Pillar What it is Status
📚 Skillskills/rainforest-lab/ Methodology spec + templates: forest grounding, weather, seeds, nursery, classification, archive memory, multi-agent collaboration (v2.0) ✅ shipped
🛠️ Python Packagepython/rainforest_lab/ Market-agnostic engine: state · validate · cycle · deliberation · trajectories · DSL kit · gates kit · LLM Protocols + LiteLLM reference adapter 🚧 v0.1.0 in progress
🔌 MCP Servermcp/ The product surface: blueprint generator + scaffolder + LLM config validator + engine driver via MCP sampling 📅 v0.2.0 (the product release)

The skill teaches the methodology. The package implements it. The MCP server packages it into a product an end user can talk to.


🌧️ 🌳 🍎 The metaphor (and why it isn't just cute)

Symbol Concept What it does
🌳 Tree A research direction under active investment Has branches (hypothesis lineage), a budget share, and weather priors
🌱 Seed A potential new direction Scored on 10 dimensions before being sown
☀️🌧️🌪️ Weather Per-cycle attention router 13 weathers — heavy_rain · rain · drizzle · drought · heatwave · frost · thunderstorm · fog · wind · spring · monsoon · flood · wildfire
🌿 Nursery Low-cost pre-gate validation 7 bounded checks before paying for evaluation
🍎 Fruit A factor that passed every hard gate + alignment PROMOTED (G7 ≥ 2) or ENSEMBLE (G7 ≥ 1)
🍃 Golden Leaf A useful failure Boundary-informative; emits seeds for future revival
🟥 Sick Leaf A poisoned result (lookahead / leakage) Blocked from reuse; warning persists across cycles

Symbols make the loop inspectable — every step has a reason and a metaphor that maps cleanly onto code.


🤖 Multi-agent deliberation (v2.0)

Single-pass role pipelines drift: one model imagines, judges, and aligns itself, then ships its own opinion as evidence. v2.0 replaces the pipeline with a bounded gardener ↔ skeptic deliberation + parallel competing gardeners + an adversarial skeptic from a different model family than the gardener.

  • 🗣️ Skeptic (red-team critic) — uses a different model family than the gardener (e.g. gardener Kimi ↔ skeptic DeepSeek, or gardener OpenAI ↔ skeptic Anthropic).
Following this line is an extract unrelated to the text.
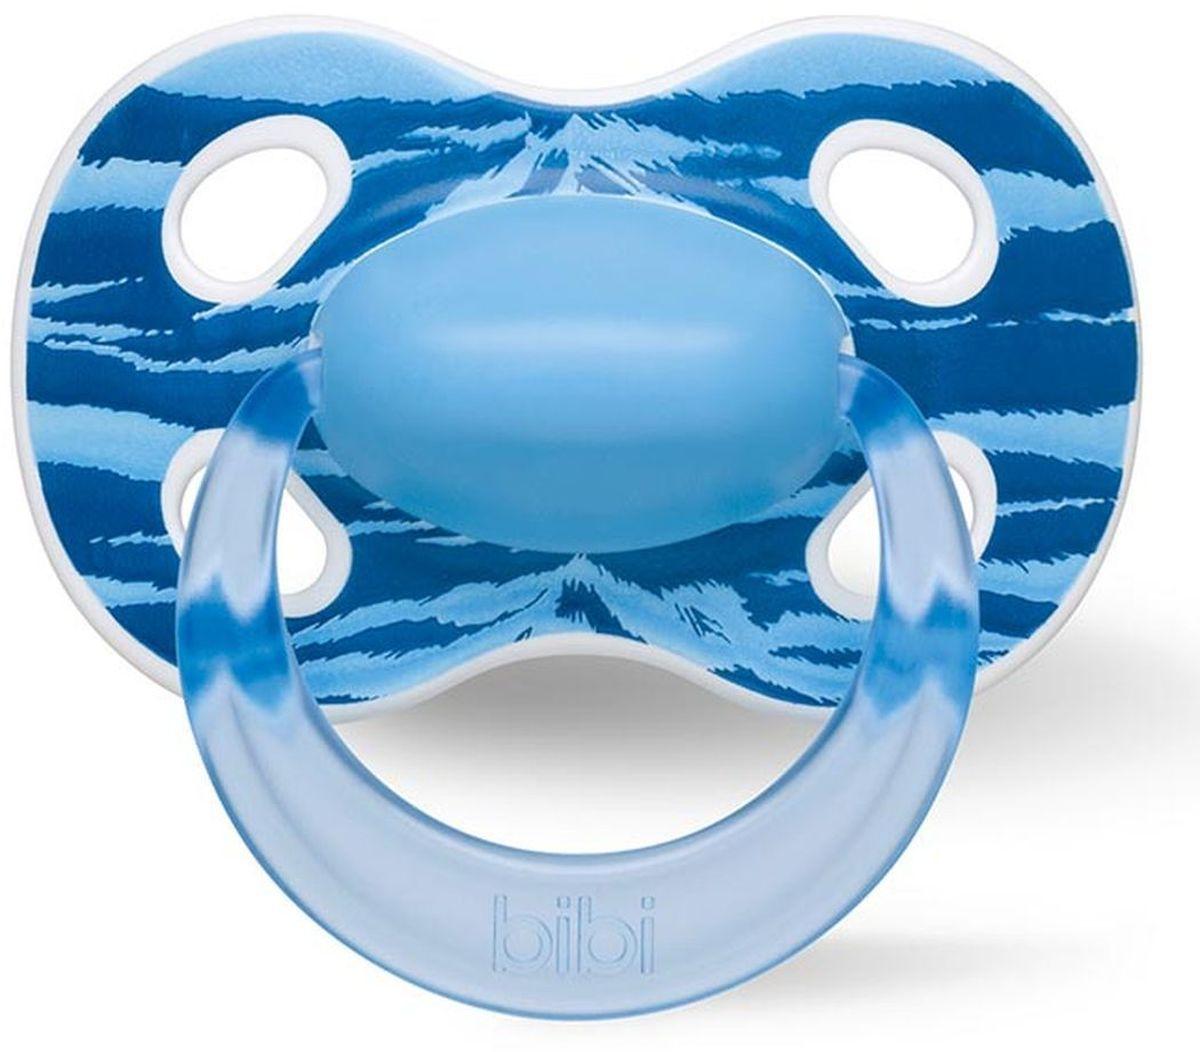 Bibi Пустышка силиконовая Happiness Ring Wild Baby от 0 до 6 месяцев114060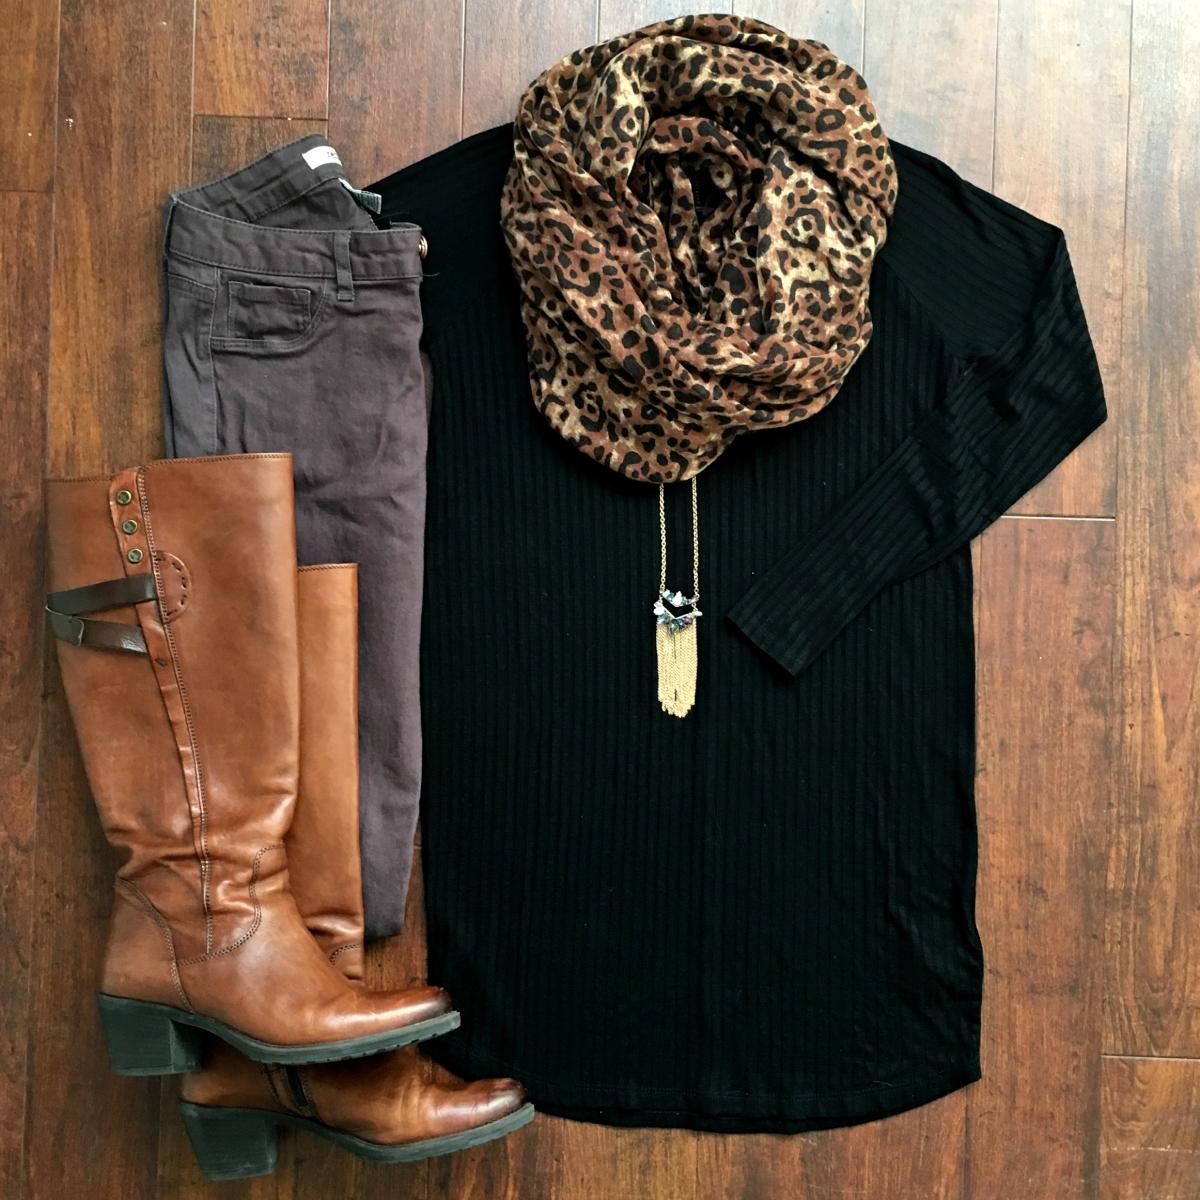 Mauve pants and a leopard scarf

The skeptic adapter structurally refuses to run when families match.
  • 🔁 Bounded debategardener mines → skeptic critiques (cull / revise / proceed) → gardener revises survivors up to max_debate_rounds. Then the rest of the pipeline (divergence → inspector → nursery → examiner) takes over.
  • 🍎 The second challenge is recorded, never vetoing — a pre-G7 skeptic challenge on a fruit-candidate cannot override the deterministic gate battery. Symmetric to "a debated stub still cannot become a fruit": the LLM may neither create nor kill what the deterministic gates judged.
  • 🌳🌳🌳 Parallel gardeners — one per allocated tree, distinct temperature/style, deterministic tree_id-sorted merge for reproducibility.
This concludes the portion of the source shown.